From Reticulum's perspective, the entire mesh is one address space.

Transport Node Configuration#

Gateway instances that relay traffic for other nodes must set:

[reticulum]
  enable_transport = True

End-user or single-purpose archive instances may leave this at the default False.

LoRa Frequency Compliance#

Country Band Max TX Power
Korea 920–923 MHz 10–23 dBm (channel-dependent)
Japan 920–928 MHz 13–20 dBm

Each gateway operates its LoRa interface within its own national regulations. Cross-border signaling passes through the Yggdrasil/TCP layer only.

IPFS#

IPFS is the content layer. Binary assets (images, video, audio) are uploaded by the publisher and referenced by CID in the Reticulum signal. Subscribers pin the CIDs they receive; IPFS deduplicates automatically when multiple nodes pin the same content.

Text metadata (title, description) is never stored in IPFS. It lives in ATProto records only. IPFS infrastructure (daemon, pinning service, gateway) is unchanged by this proposal.

The unpin mechanism means content that no node wishes to preserve will naturally expire from the network.

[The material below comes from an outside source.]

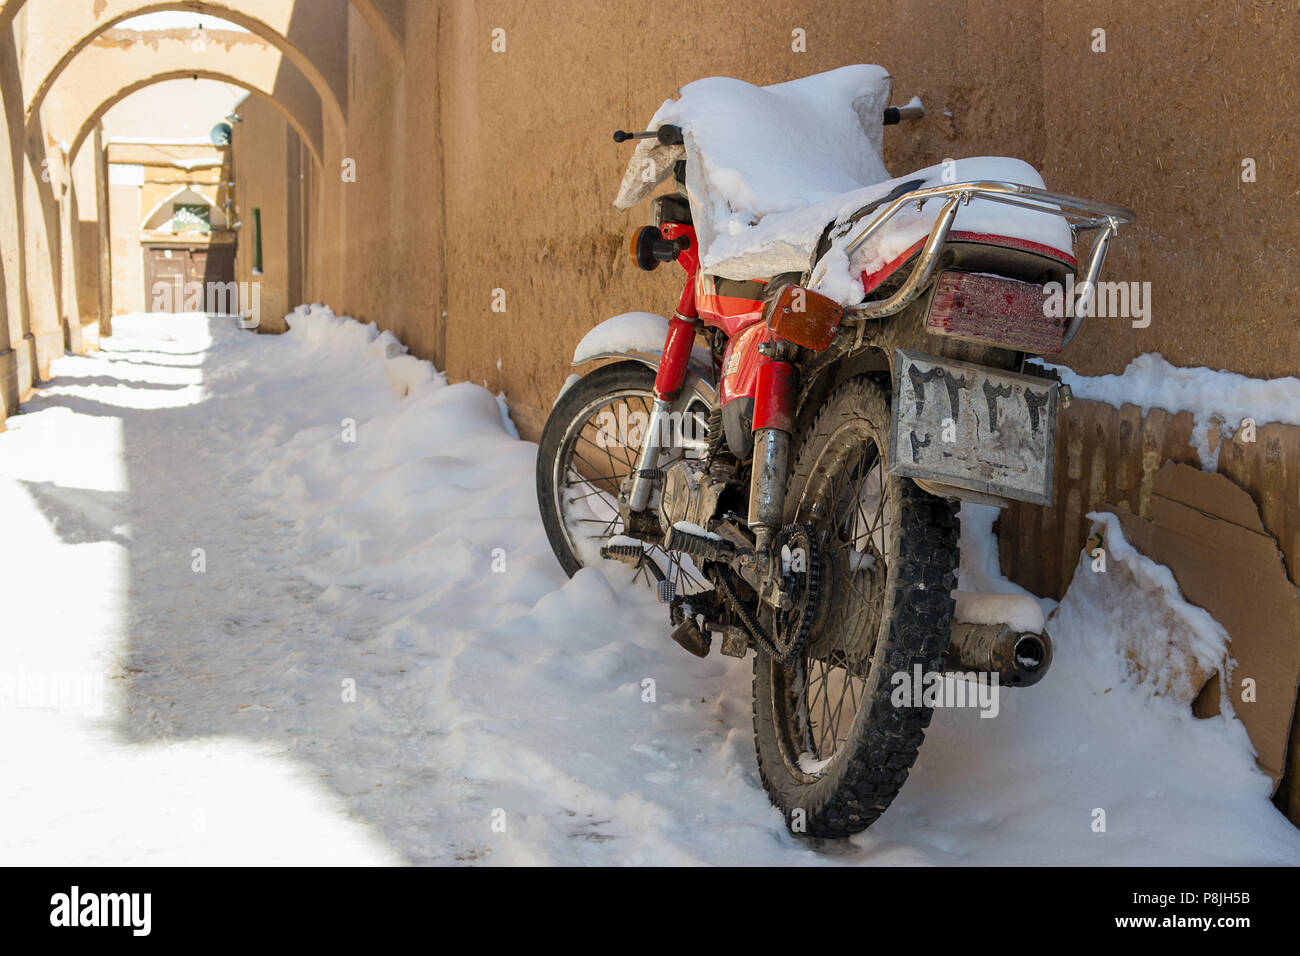 A snow covered motorbike rests against a clay and straw rendered wall in a snow filled back passage in down town Yazd, Iran. Stock Photo

Operators are responsible for deciding their own pin retention policies.

Ownership Verification for Unpin Signals#

A whitelisted DID can issue unpin signals for any CID, creating a risk that a malicious or compromised account could cause subscribers to unpin content it does not own. Two complementary checks are applied on every unpin signal received.

First check, local cache: When a pin signal is processed, the instance records a cid → did mapping in a local SQLite database. On receiving an unpin signal, the instance looks up the CID in this cache. If the cached owner does not match the signaling DID, the signal is silently discarded.

Second check, ATProto verification: If the CID is absent from the local cache (e.g. after a database reset or on a newly joined instance), the instance fetches the publisher's net.dmrg.archive.item records from their PDS and confirms that the CID appears in a record authored by the signaling DID. If no such record exists, the signal is discarded.

async def on_unpin_signal(did: str, cid1: str, cid2: str):
    for cid in [cid1, cid2]:
        cached_owner = db.get(f"owner:{cid}")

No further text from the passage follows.